Lo peor es que Dobbs es material exportable. La historia lo confirma: Hitler confesó admirar a Estados Unidos, cuyo sistema político excluyente de los negros, implantado por las legislaturas estatales y descaradamente declarado constitucional por los tribunales, lo convertían, según el Führer, en el “único Estado” desarrollando “un saludable orden político-jurídico racial”.
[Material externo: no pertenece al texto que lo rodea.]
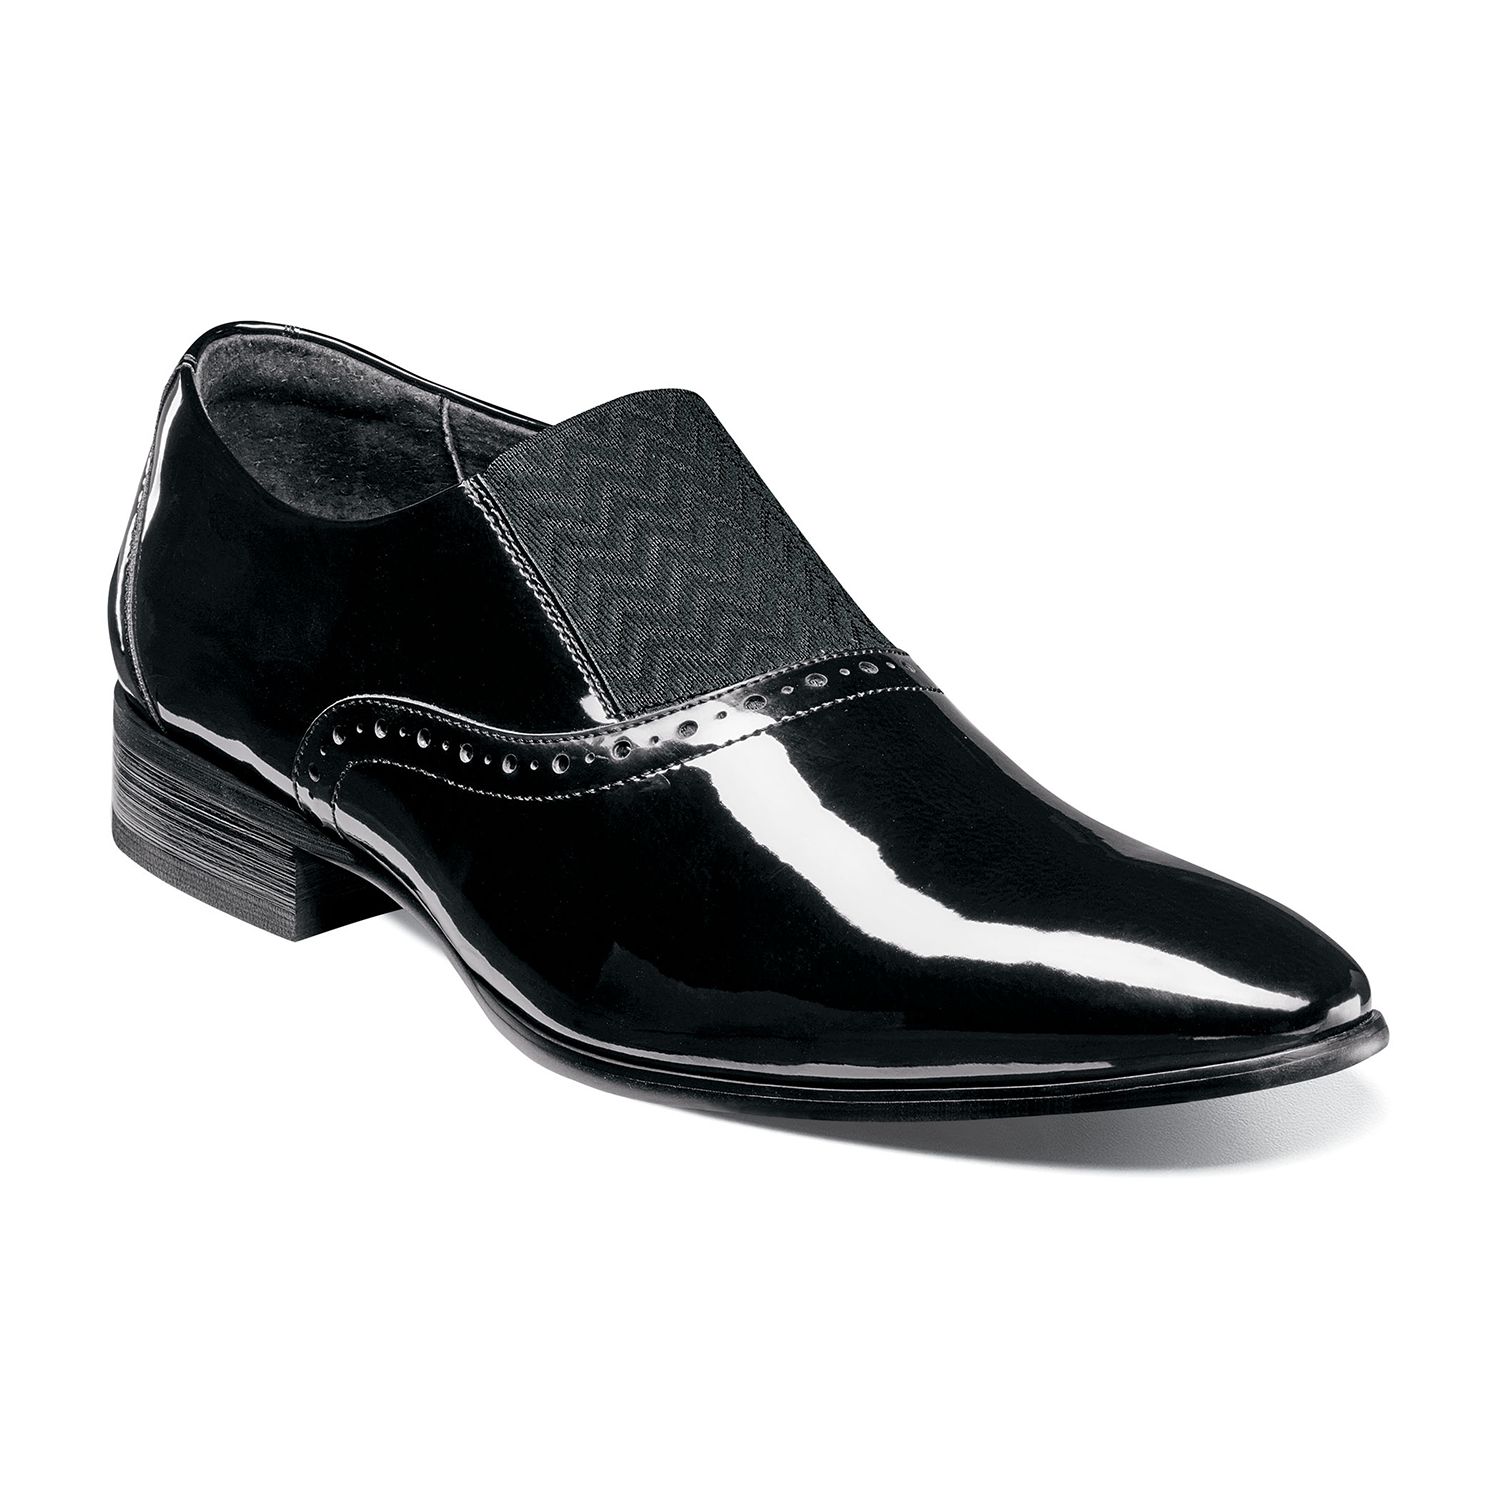 size 15 casual dress shoes

Más aún, según James Q. Whitman, las leyes antisemitas de Nuremberg copiaron a las estadounidenses que limitaban derechos de negros e inmigrantes, tanto así que, una vez promulgadas, los 45 juristas alemanes que trabajaron en ellas -y que, siendo justos, tuvieron la delicadeza de no trasplantar las más discriminatorias normas gringas, como la que consignaba que una sola gota de sangre determinaba la raza negra, en tanto que los nazis tan solo consideraban judío al que tuviera 3 abuelos judíos- fueron premiados con un viaje de estudio a Estados Unidos, el país origen de su racista legislación. Triste pero cierto: ¡el constitucionalismo popular no tiene fronteras!